Heat rises from the earth—
awakens her senses in musical voices.
Travels her spine. She kneels

It is a calling. He stares at
the weather, the raging sea, again
at Amelia. For you to find that life.

She bathes in hot desert wind, pulls odd-
scented water onto her cheeks. Looks
at that bold sun, stands with the sunset
and cognac tarmac behind her, says:

There is a place
between the dark
and the light,
where we often rest,
knowing we don’t need
to choose sides:

a silken sheet around
our barest selves
in the early light…

For those who’ve
heard the echo
of our call,
that silken sheet
slips quickly away—the place
of quiet, quickly

by unrest, leaving
us to face our own
bare truths.
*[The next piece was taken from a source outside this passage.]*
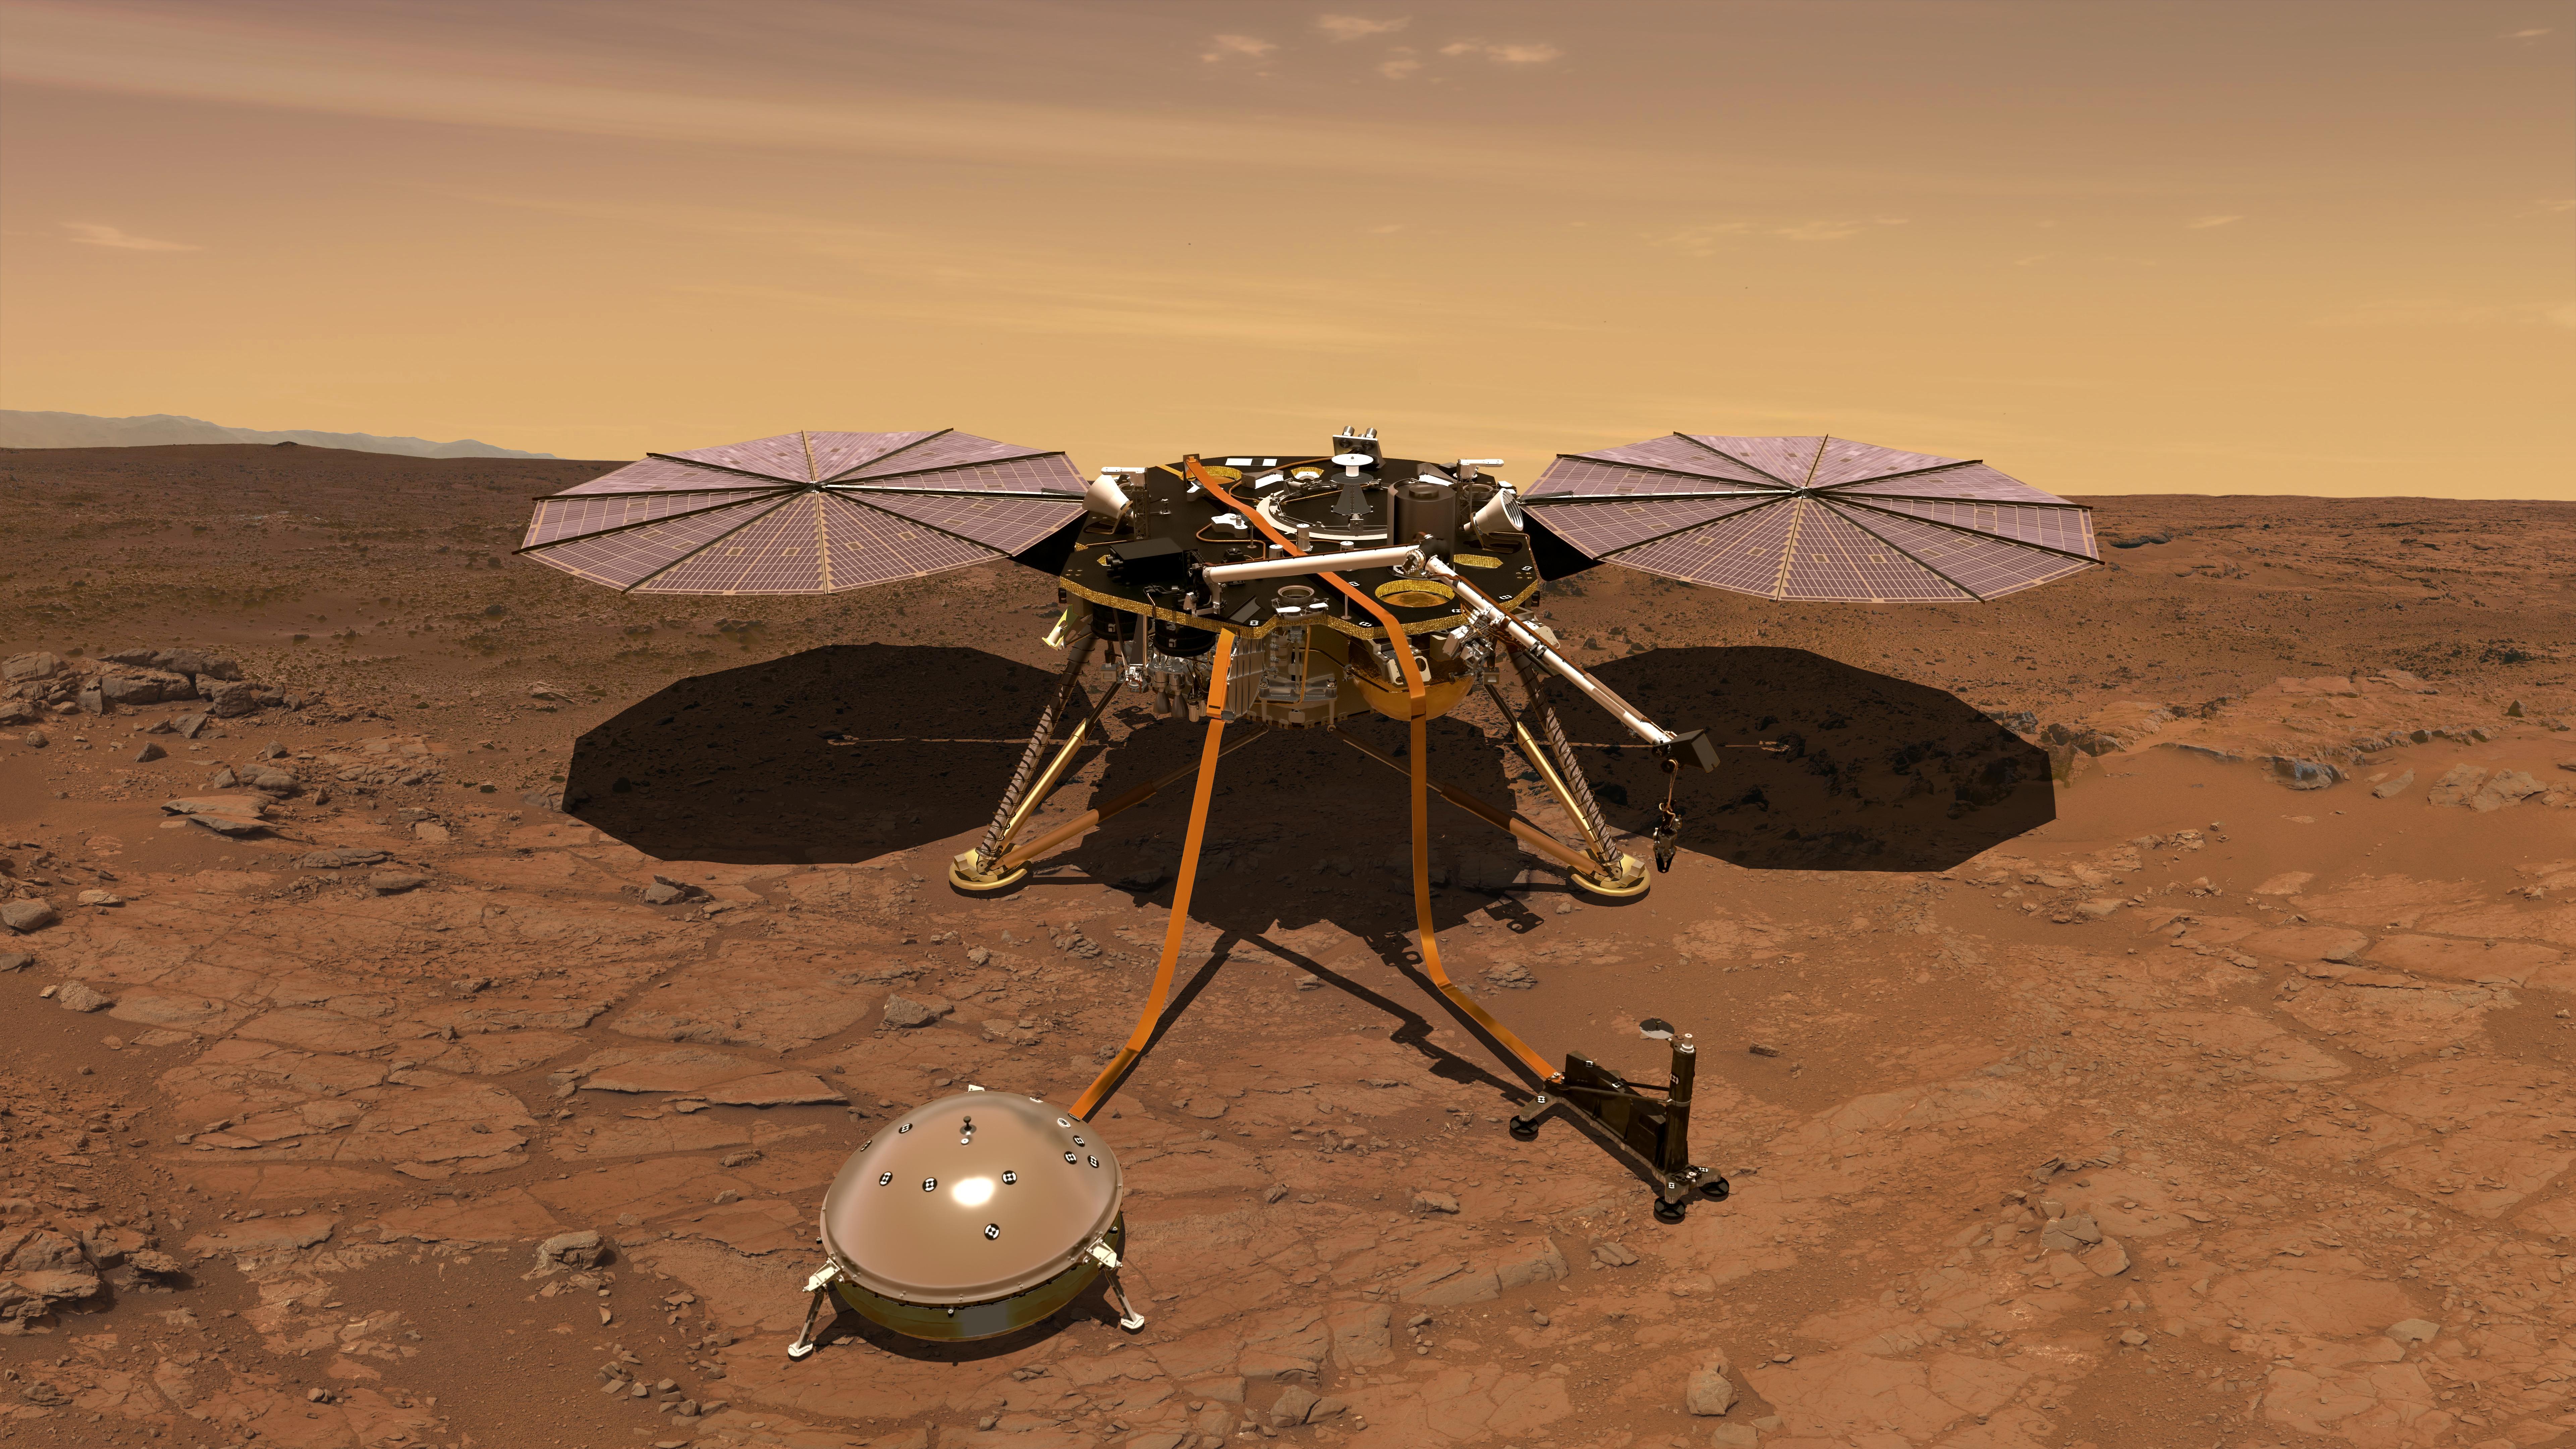 Программа зонд. Зонд NASA Insight. Марсоход космический аппарат Insight. Посадочный модуль НАСА Insight Mars. Insight аппарат на Марсе.

Truths
we don’t always

It is up to us,
what we decide
to do



Kerouac in San Francisco

The water runs still, like friends who mix patinas,
play stringed instruments and write books, yet say little.
The buildings shine water. Those one-way streets
that line the buildings are mazes; they make no sense.

We walk to the Embarcadero, see the oldest light
house at Alcatraz, wonder at the souls who swam
from it at night, realize you yourself are one of those souls
looking for something, always searching—yet finding nothing.

………Kerouac walked there once
………with empty pockets;
……..passed Italian cafes,
…….spoke words, like jazz,

,,,,,,,looked only in windows—
……sat in empty kitchens,
……wrote bourgeois tragedy
……through dharma hunger.

We walked all night one December, past mid-
night to reach that bridge; it was there I saw you
had no promises to keep for me, San Francisco…
You were filled with only desire, and chill

—the bitter, sweet aftertaste of a lonely
night with distant friends, disenchanted wanderers
who walk searching for something, some mystical light
they came to discover they’d never find.

…….He spent his evening once
…….staring out at water, smoking and
…….wishing he were not alone. And yet
…….it was only while alone that he could think.

…….When we drove away from that
…….water, there were only mists—gray and
…….distant memories, smoke that dissipates—
…….those watercolor, stringed instrument songs—of you.

…….He woke before everyone, played
…….forgotten jazz records, then limped
…….to the all-night liquor store, where he bought
…….just enough hope to fill a paper bag.